Но хуже всего то, что хозяин дома в Омори, где мы должны были поселиться, внезапно передумал и расторг арендный контракт. Об этом стало известно за день до нашего отъезда из Осаки, но менять что-либо было уже поздно. Воспользовавшись любезностью г-на Танэды, мы остановились пока что в его доме в Адзабу. Вообрази, чего стоило ему приютить у себя одиннадцать человек, обрушившихся на его голову столь внезапно.

Сразу же по приезде мы вызвали к Хидэо-тяну врача. Он поставил диагноз — катар желудка. Вчера мальчику наконец полегчало.

Всё это время Тацуо с помощью знакомых и сослуживцев занимался поисками жилища. В конце концов ему удалось подыскать какой-то дом в Сибуе. Он построен недавно, причём специально для сдачи внаём. Четыре комнаты внизу и три наверху, без сада, квартирная плата — пятьдесят пять иен в месяц. Я ещё не видела этого дома, но могу себе представить, какая там будет теснота. Как всё мы там разместимся?

И всё же, принимая в расчёт, сколь обременительно для г-на Танэды наше пребывание в его доме, мы решили перебраться туда в надежде со временем присмотреть другой дом, получше. Переезд назначен на ближайшее воскресенье. Отныне наш адрес: район Сибуя, квартал Овала. В следующем месяце туда должны провести телефон. Говорят, воздух в Сибуе хороший, кроме того, оттуда Тацуо недалеко до службы, а Тэруо-тяну — до гимназии.
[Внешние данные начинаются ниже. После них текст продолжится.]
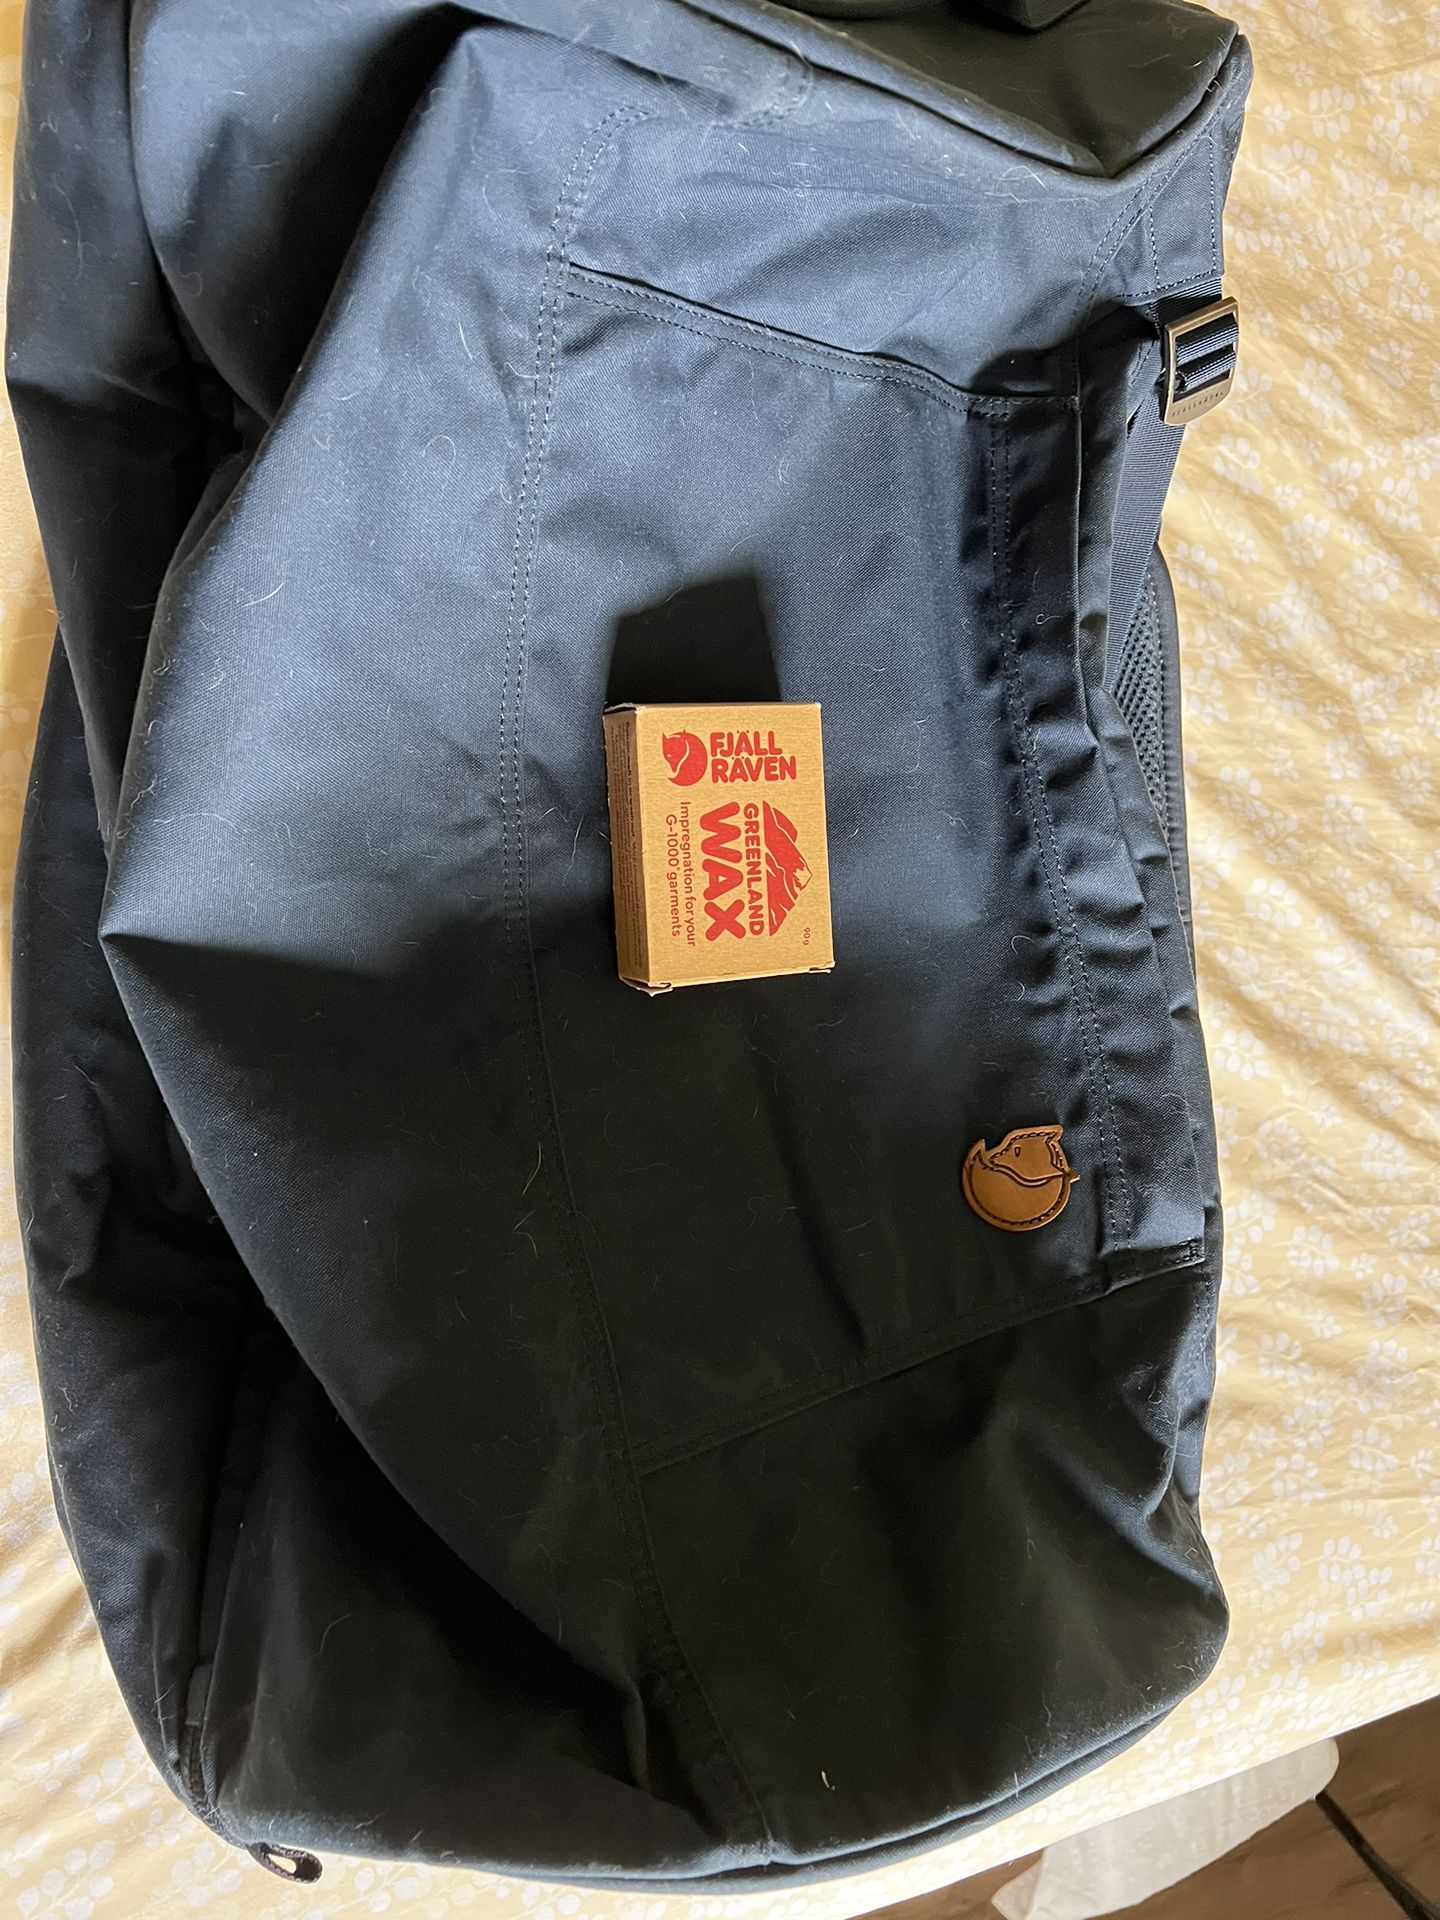 Waxing your G-1000 Clothing and Accessories - My Fox Bag

На этом пока кончаю, жду твоего письма.

Кланяйся от меня Тэйноскэ, Эттян и Кой-сан.

Юкико. 8 сентября.


P. S. Утро нынче выдалось совсем осеннее. А какая погода у вас? Берегите себя.


В то утро, когда Сатико получила это письмо, в Асии тоже вдруг стало по-осеннему свежо. Проводив Эцуко в школу, Сатико и Тэйноскэ сидели друг против друга за столом и в ожидании завтрака просматривали утренние газеты. Неожиданно внимание Сатико — она читала сообщение о налёте японской авиации на Сватоу и Чаочжоу,[48] — привлёк доносящийся из кухни аромат кофе.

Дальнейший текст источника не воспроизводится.